However, I doubt they have the bandwidth to manually grade thousands of assignments. Given the scale of the class, the grading is forces to be automated. It's hard to come up with such assignments and even harder to make them challenging, given an automated grading script.
1) They provide some set of data and establish rules for the competition.
2) They implement their own solution to the challenge, and that is the benchmark.
3) A "passing grade" is obtained by getting any working system.
4) The actual grading is then given on a curve, compared against their benchmark.
That said, learning what the algos are and how they work is one thing; learning how to actually apply them to real life situations is another thing.
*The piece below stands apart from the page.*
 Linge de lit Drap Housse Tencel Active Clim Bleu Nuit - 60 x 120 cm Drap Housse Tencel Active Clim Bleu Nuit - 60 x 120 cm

I think the class leans quite heavily towards the former, but I really love the few glimpses of the latter.
Personally, as someone who is new to the field (didn't do maths at college) & is barely fitting the classes & exercises around a fulltime workload & other things, I am glad that the programming exercises are "easy". Some of them are ridiculously easy, agreed (where 1/2 the solution is given basically verbatim in the pdf notes, and the other 1/2 in the code comments) - but for most of them I think it's enough to wrap my head around what's actually happening, especially in terms of the multiclass neural network assignment. That gives me enough foundation to try to apply them to real-world situations on my own time.
And he knew all the tricks. I don't think anyone ever beat him. And he didn't show anyone any of the solutions until after the final.
I felt like I learned more from the few minutes I spent reading those solutions than I did during the rest of the course.